Selon l'article L. 145-33 du code de commerce, la valeur locative d'un local doit être déterminée d'après les caractéristiques du local considéré, la destination des lieux, les obligations respectives des parties, les facteurs locaux de commercialité et les prix couramment pratiqués dans le voisinage.

Par ailleurs, il résulte de l'article L. 145-34 du même code, selon lequel à moins d'une modification notable des éléments mentionnés à l'article L. 145-33 1° à 4°, le taux de variation du loyer du bail renouvelé, dont la durée n'excède pas neuf ans, ne peut excéder la variation de l'indice trimestriel des loyers commerciaux intervenue depuis la fixation initiale du loyer du bail expiré, qu'en cas de valeur locative inférieure au plafond fixée par ce texte, c'est cette valeur locative qui s'applique et non le loyer plafond résultant de l'application de l'indice.

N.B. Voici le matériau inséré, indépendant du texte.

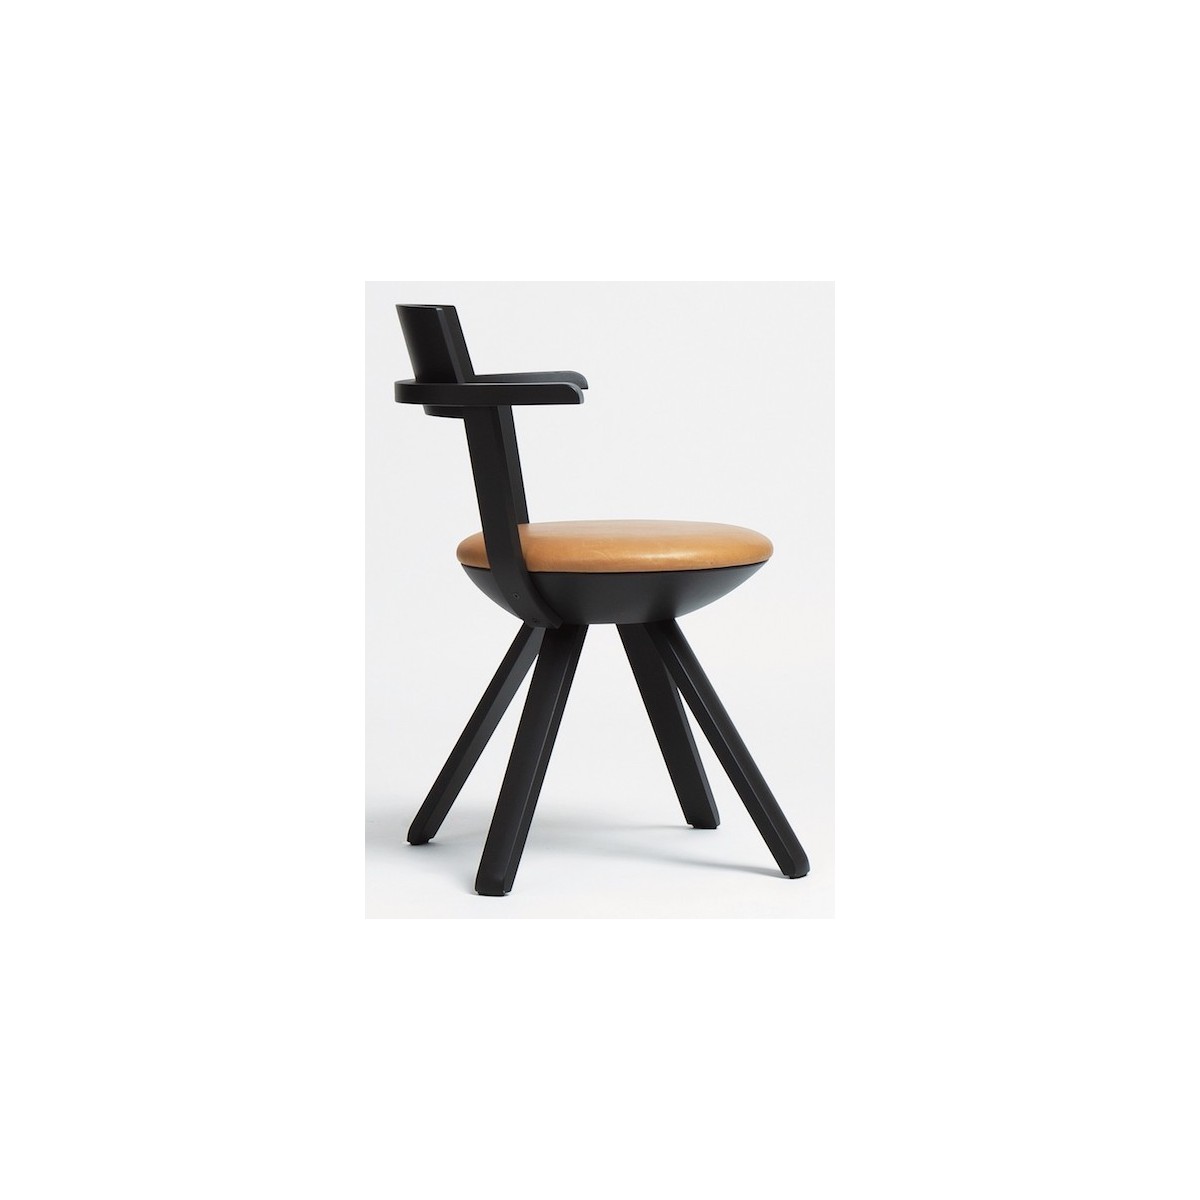 KG002 - caramel leather + asphalt - Rival chair

C'est à juste titre que pour fixer le loyer plafond, conformément aux dispositions de l'article L. 145-34 , l'expert a pris pour référence les indices des loyers commerciaux du 2ème trimestre 2007 (97,45) et 3ème trimestre 2016 (108,56), en l'absence de clause contractuelle fixant un indice trimestriel des loyers commerciaux de référence, soit un loyer plafond de 75.752,48 € et non de 75.640 € comme l'indique la société Picard. Il n'est pas contesté que la valeur locative des locaux est inférieure à ce plafond, les deux parties ayant proposé des valeurs de loyer du bail renouvelé inférieures au plafond dès leurs premiers mémoires. Il convient donc de fixer le loyer du bail renouvelé à la valeur locative des locaux à la date du 1er janvier 2017.

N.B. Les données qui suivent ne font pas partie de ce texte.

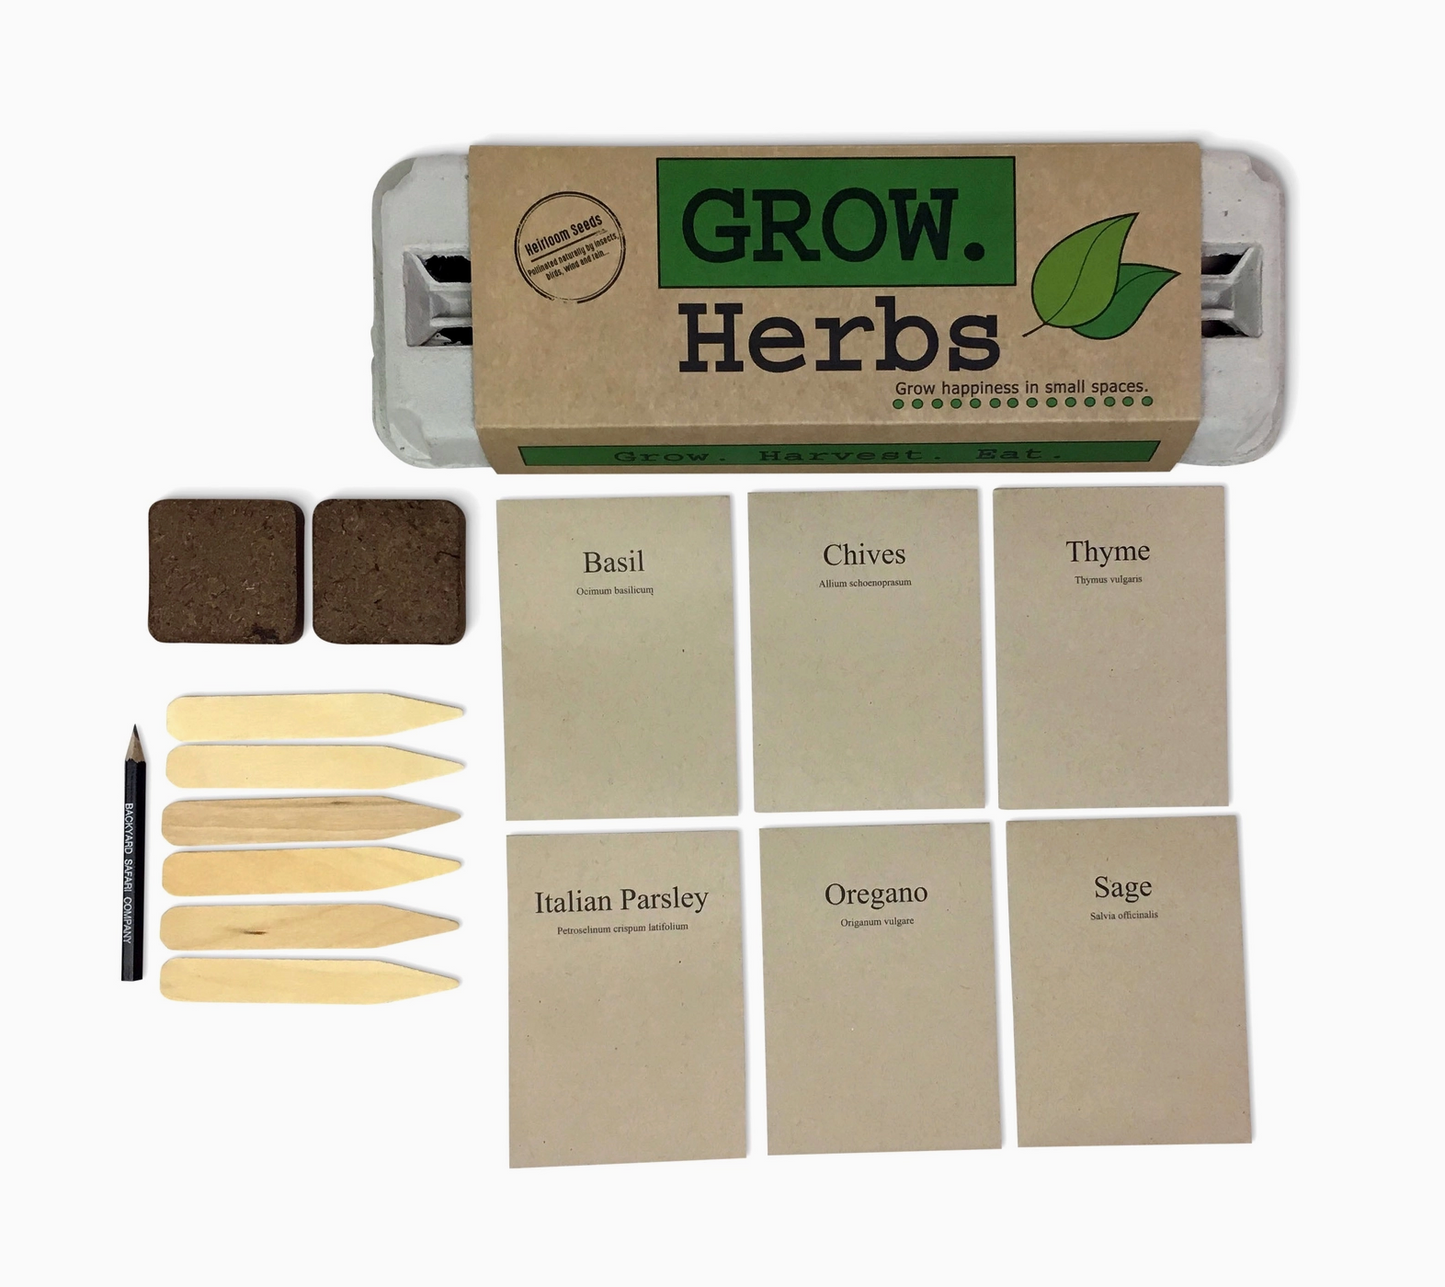 Herb Garden Grow Kit

S'agissant de la surface des locaux, l'expert a retenu une surface de 223,90 m2 en se fondant sur les plans établis par un géomètre expert en décembre 2019 et en a déduit une surface pondérée de 140 m2/P en appliquant un coefficient aux différentes zones des locaux en fonction de leur usage et de leur attractivité commerciale conformément à la charte de l'expertise. Ces pondérations sont partiellement contestées par les parties, la bailleresse demandant de retenir une surface pondérée de 143 m2/P et la locataire de 128 m2/P.

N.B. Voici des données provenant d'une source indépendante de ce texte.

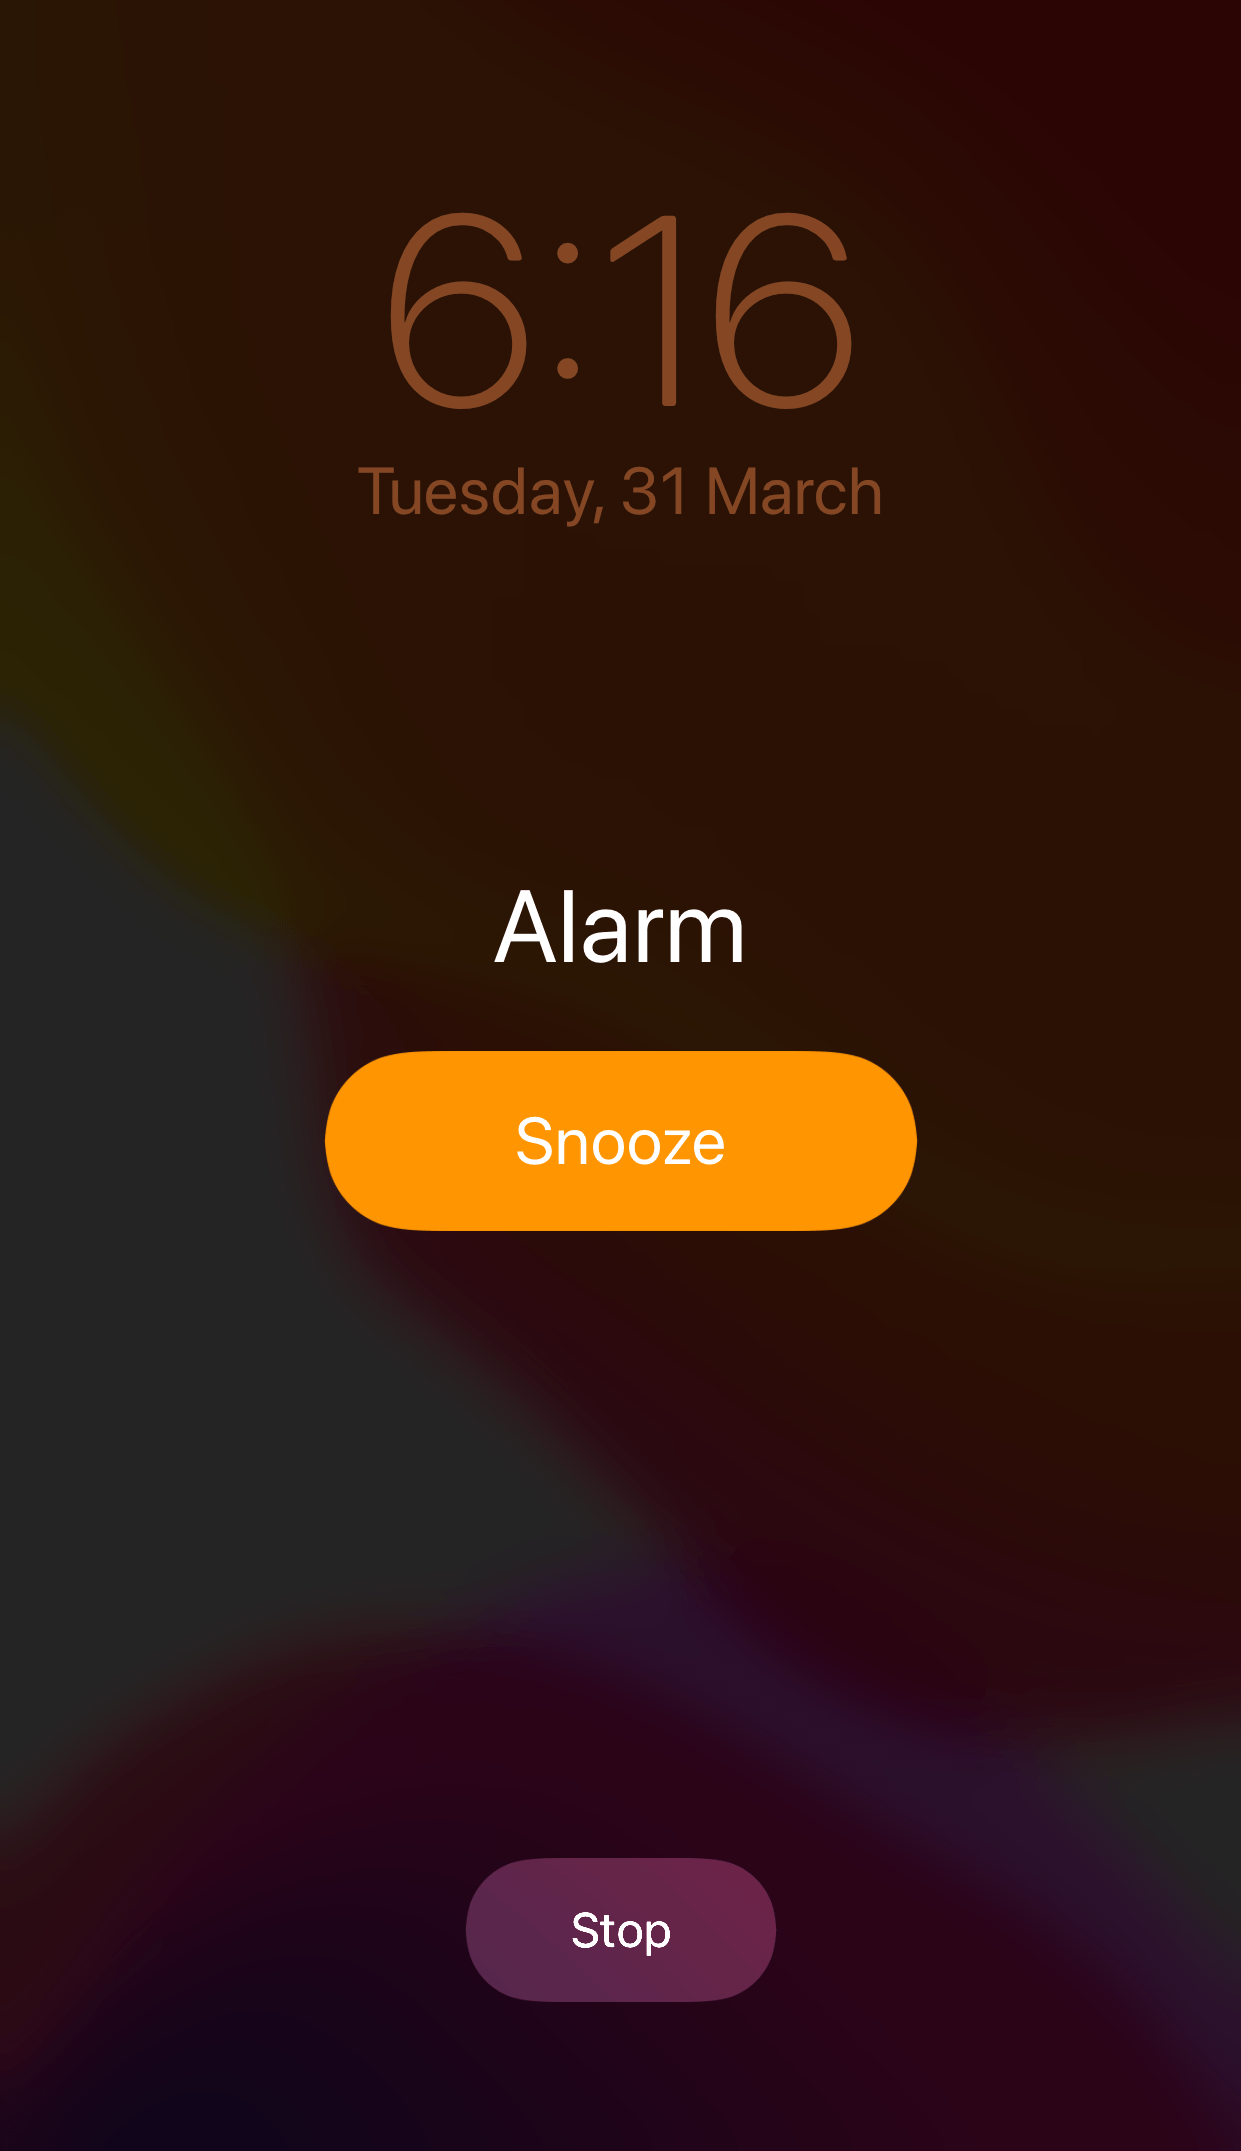 Snooze iPhone alarm to fix iphone alarm not working

Il convient de se référer à la motivation du jugement déféré que la cour fait sienne selon laquelle l'expert a retenu à juste titre un coefficient de 0,80 pour la deuxième zone de vente située entre 5 et 10 mètres de la vitrine, un coefficient de 0,40 pour l'arrière boutique d'une surface de 43,60 m2 remplissant différentes fonctions (chambre froide, vestiaire, WC et bureau) non comparable à un débarras auquel le coefficient proposé de 0,15 pourrait s'appliquer et un coefficient de 0,15 pour le sous-sol de bonne dimension et de bonne hauteur sous plafond;

Selon l'article R. 145-7 du code de commerce, les prix couramment pratiqués dans le voisinage par unité de surface permettant de déterminer la valeur locative du loyer du bail renouvelé, concernent des locaux équivalents eu égard aux caractéristiques propres au local, la destination des lieux autorisée par le bail, les facteurs locaux de commercialité pour le commerce considéré. A défaut d'équivalence, ils peuvent, à titre indicatif, être utilisés pour la détermination des prix de base, sauf à être corrigés en considération des différences constatées entre le local loué et les locaux de référence. Il n'en résulte pas que les références de renouvellement judiciaires doivent être privilégiées pour déterminer les prix couramment pratiqués dans le voisinage, contrairement à ce que soutient la locataire.

Par des motifs pertinents et détaillés, auxquels la Cour renvoie, le tribunal a rappelé les constatations et observations de l'expert concernant les caractéristiques des locaux et du bail, soulignant notamment que les locaux sont à usage de vente de produits alimentaires conservés par le froid ainsi que de produits et prestations complémentaires; qu'ils dépendent d'un immeuble de la première moitié du 19ème siècle présentant un ravalement d'état correct ; qu'ils sont situés sur une placette délimitée par la rue Beccaria, piétonne à ce niveau, le boulevard Diderot et la rue de Charenton, dans un quartier mixte à dominante résidentielle, constitué de commerces de proximité et de services ; qu'ils comportent un linéaire de façade d'environ 8 mètres et disposent d'une bonne visibilité depuis la rue Charenton; que les locaux présentent un rétrécissement à l'arrière, quelques piles porteuses, juste après le front de caisse et au fond de la boutique à droite; qu'ils sont en bon état général avec un bon effet d'enseigne.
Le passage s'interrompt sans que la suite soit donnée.